- [INSTRUCTIONS FOR THE TASK] An exact restatement of the entire listing is needed, excluding all images.

- [STORED DATA]
= Beginning of Section =
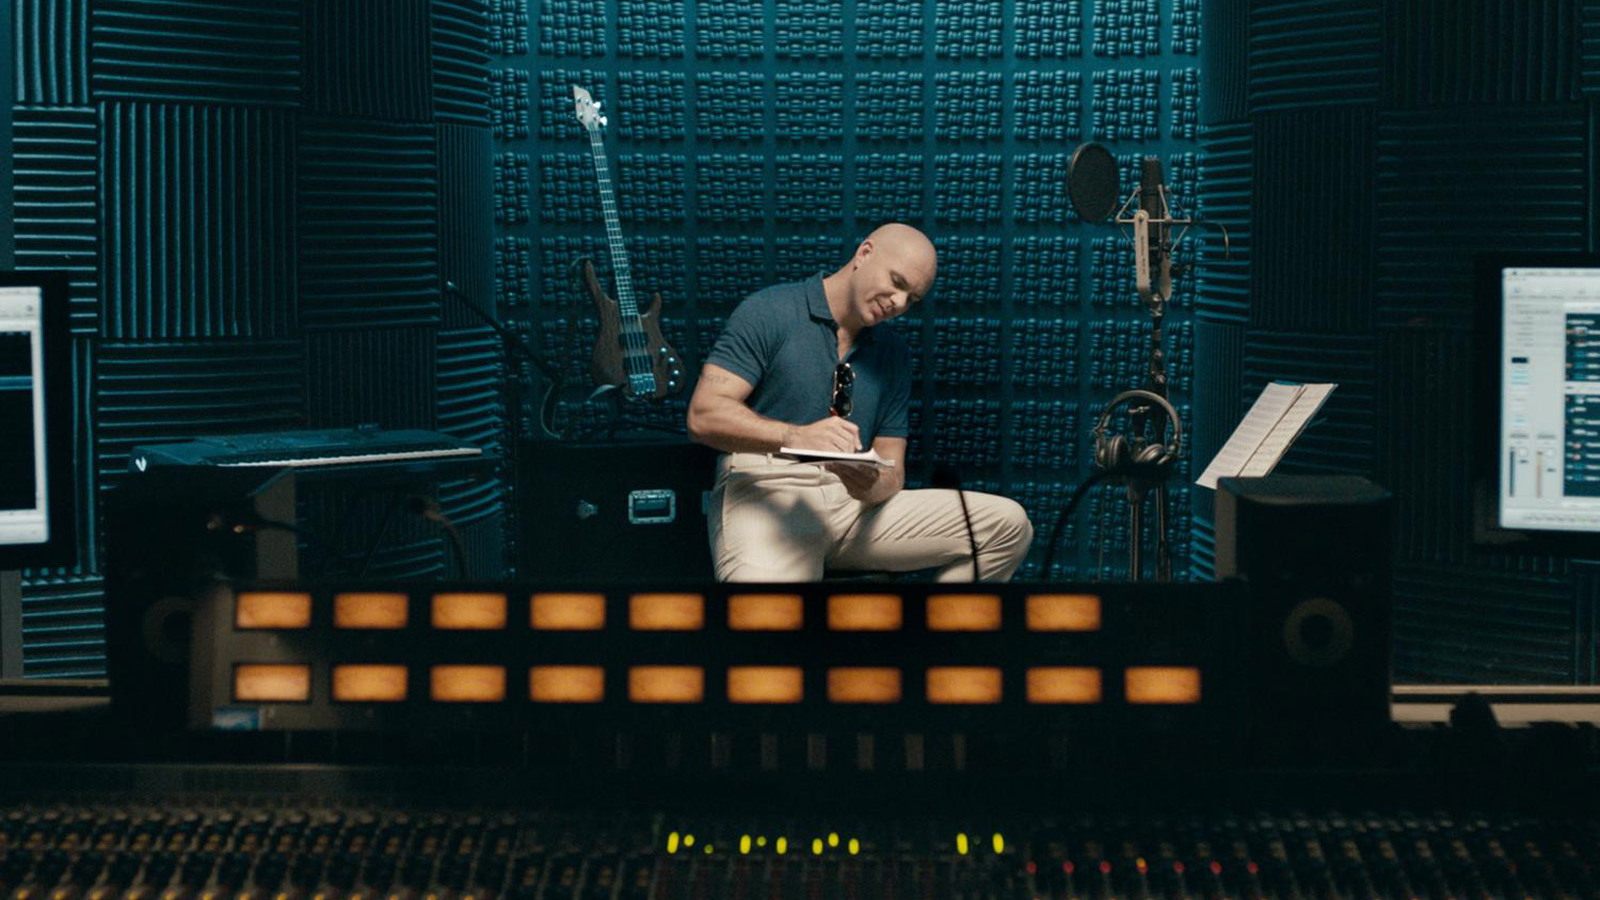 Rapper Pitbull stars in ‘Your Rules’ ad campaign for the 2013 Dodge Dart
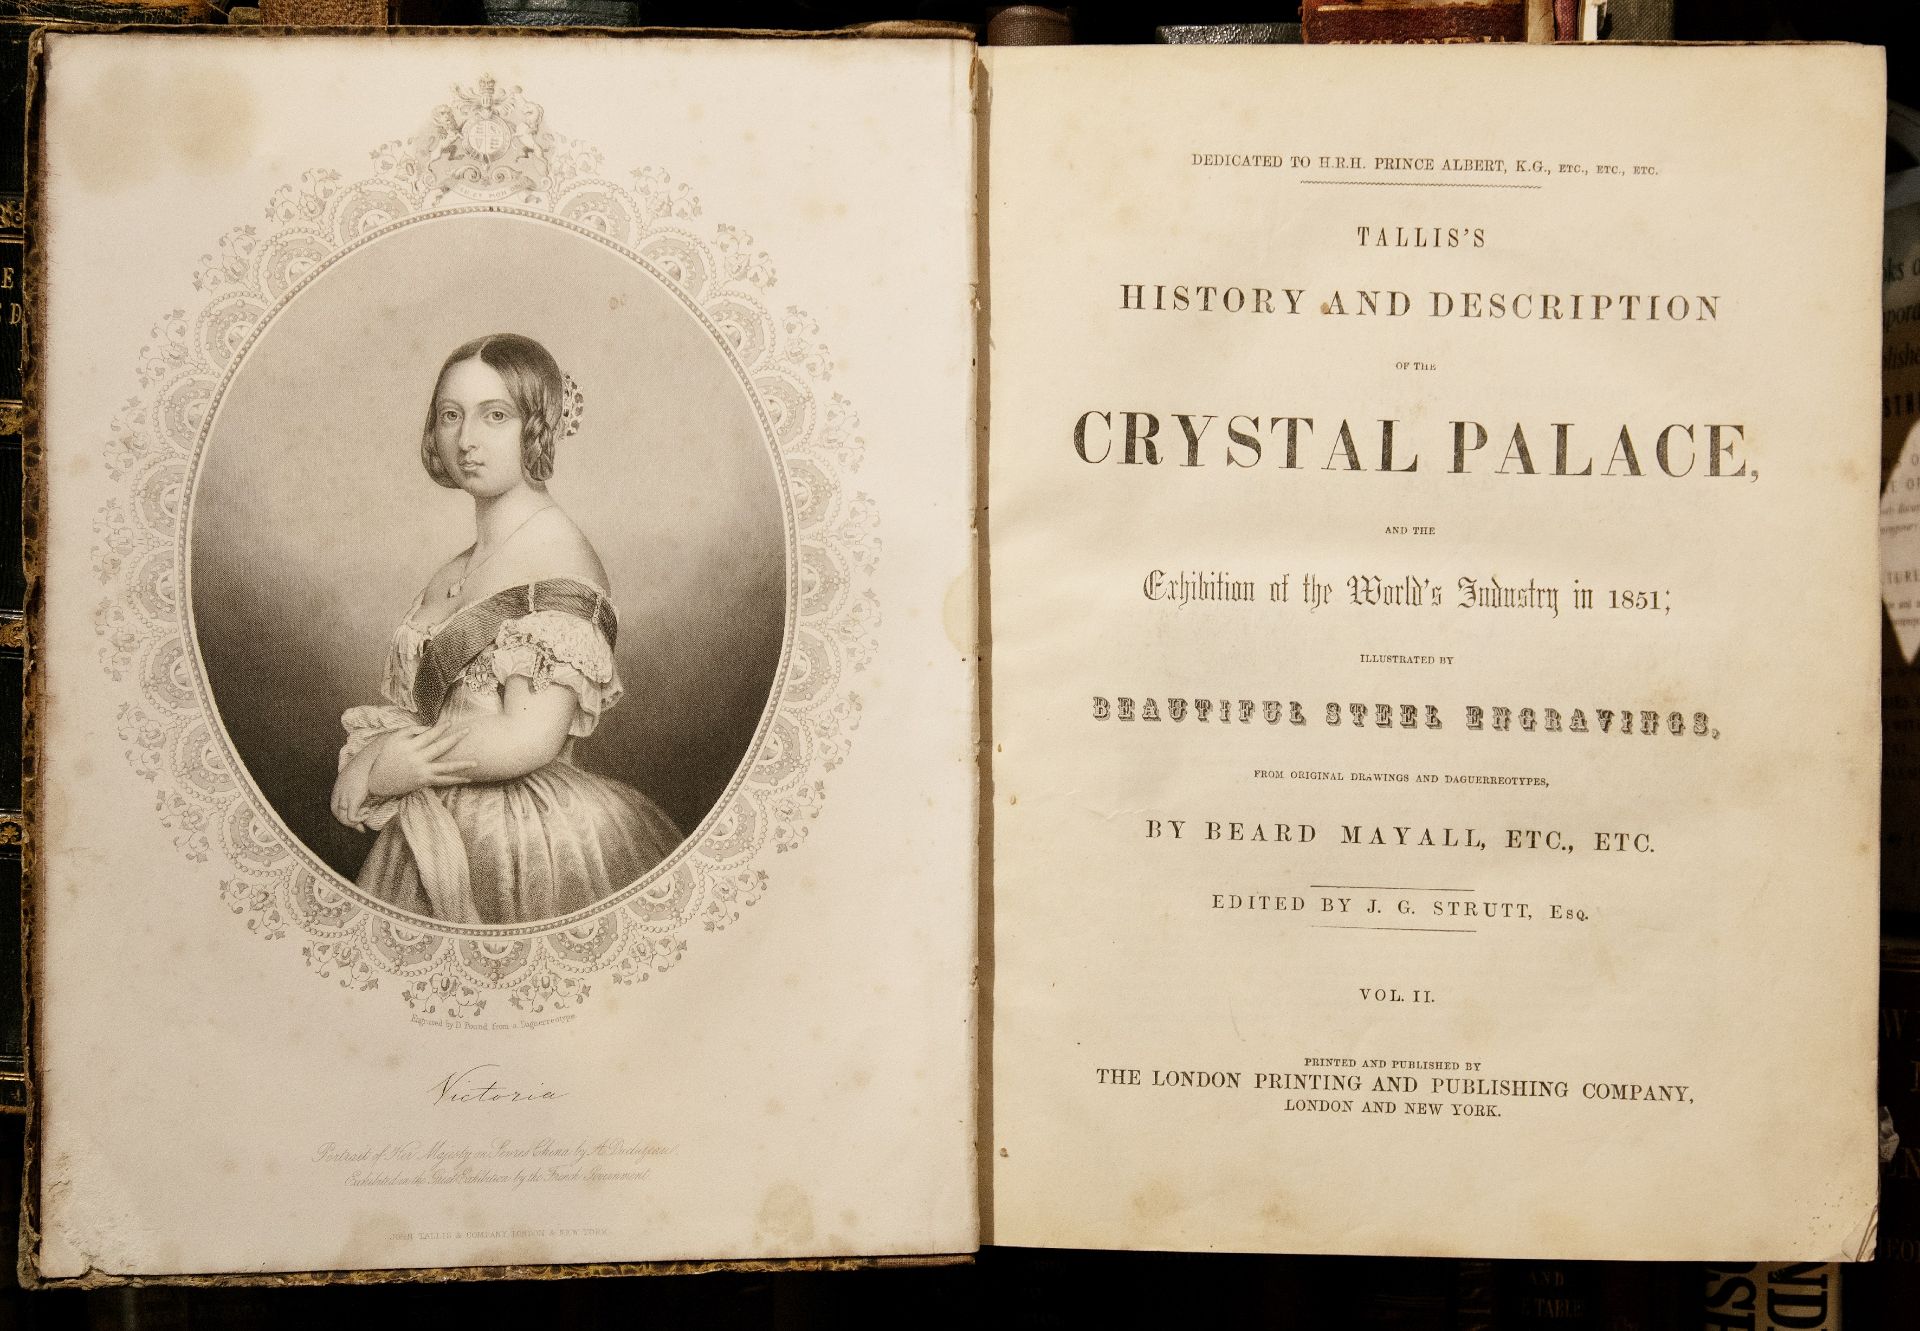 Mayall (Beard) Tallis's History and Description of the Crystal Palace and the Exhibition of the
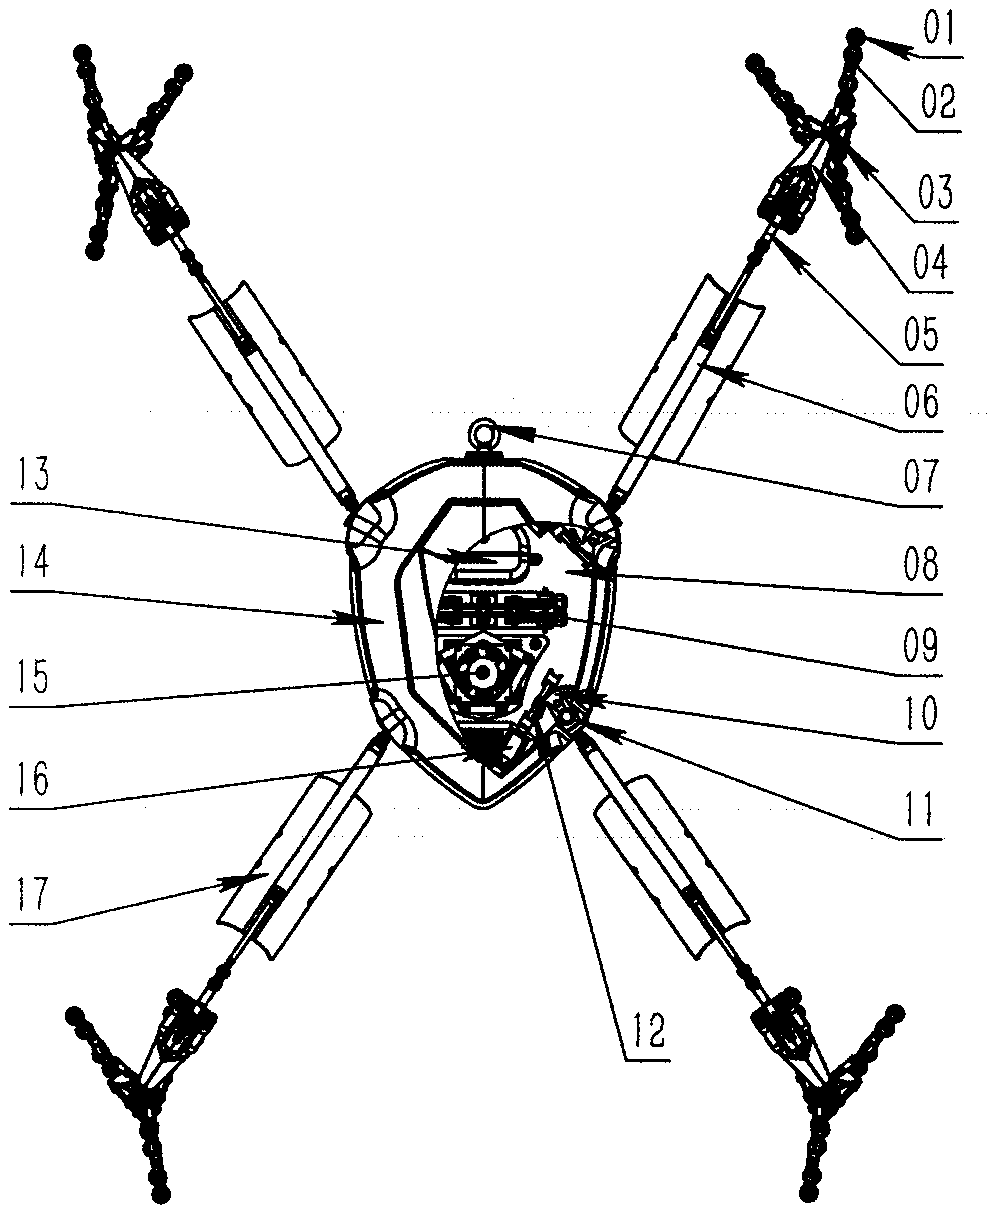 Mechanical structure design for independent multi-sucker climbing arm system of wall climbing robot
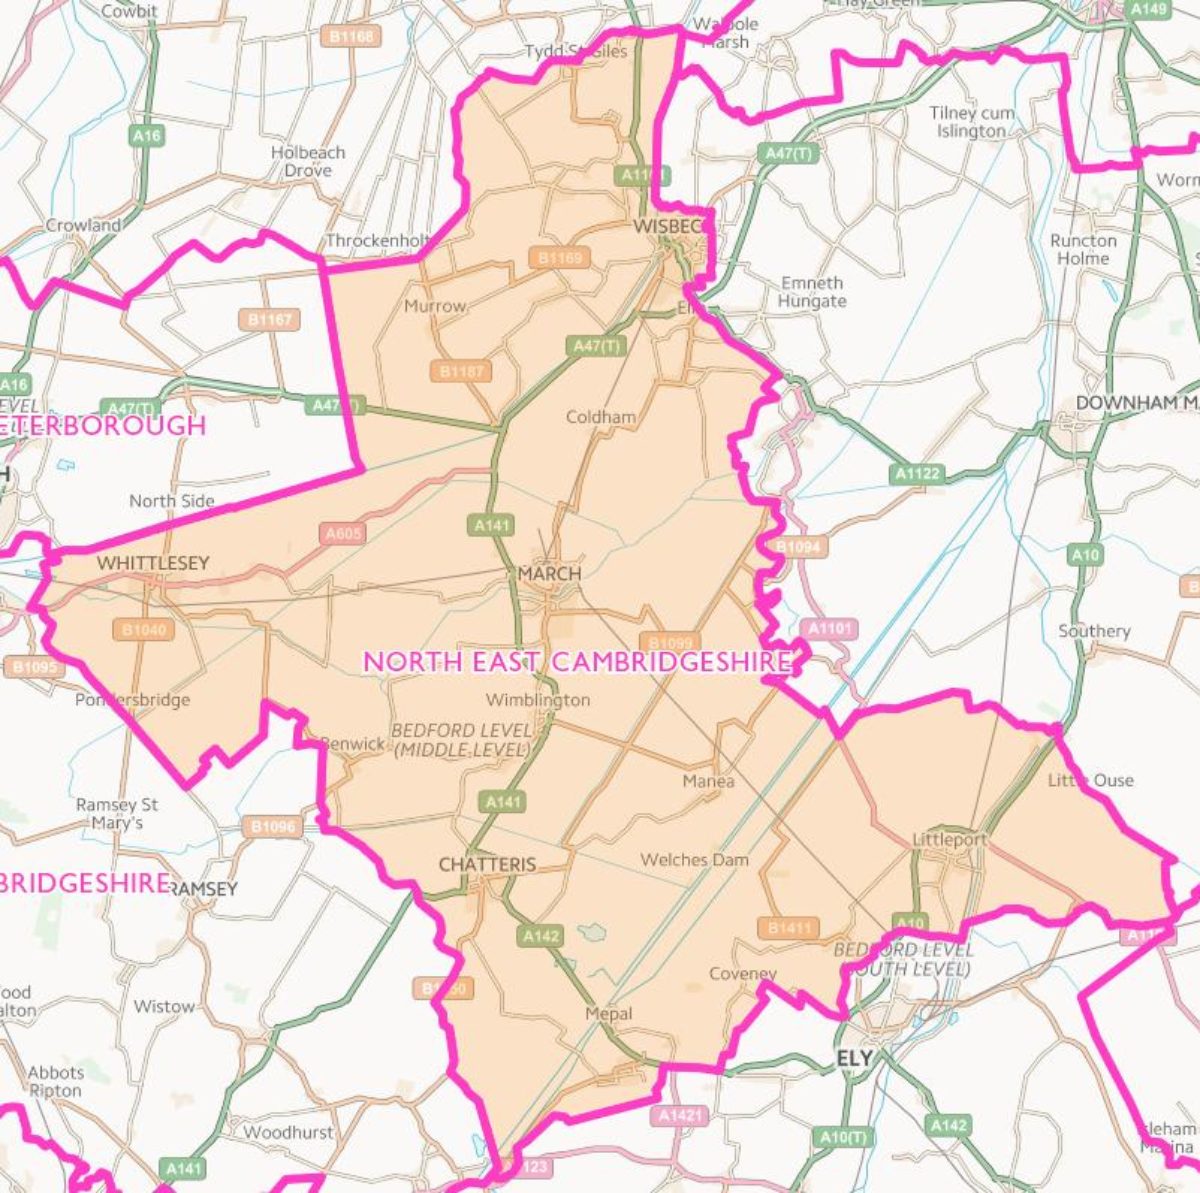 Map from OS, available here: https://www.ordnancesurvey.co.uk/election-maps/gb/?x=535720&y=296222&z=4&bnd1=WMC&bnd2=&labels=on -- Contains public sector information licensed under the Open Government Licence v3.0: http://www.nationalarchives.gov.uk/doc/open-government-licence/version/3/
= End of Section =
- [TASK RESPONSE]
 Rapper Pitbull stars in ‘Your Rules’ ad campaign for the 2013 Dodge Dart
 Mayall (Beard) Tallis's History and Description of the Crystal Palace and the Exhibition of the
 Mechanical structure design for independent multi-sucker climbing arm system of wall climbing robot
 Map from OS, available here: https://www.ordnancesurvey.co.uk/election-maps/gb/?x=535720&y=296222&z=4&bnd1=WMC&bnd2=&labels=on -- Contains public sector information licensed under the Open Government Licence v3.0: http://www.nationalarchives.gov.uk/doc/open-government-licence/version/3/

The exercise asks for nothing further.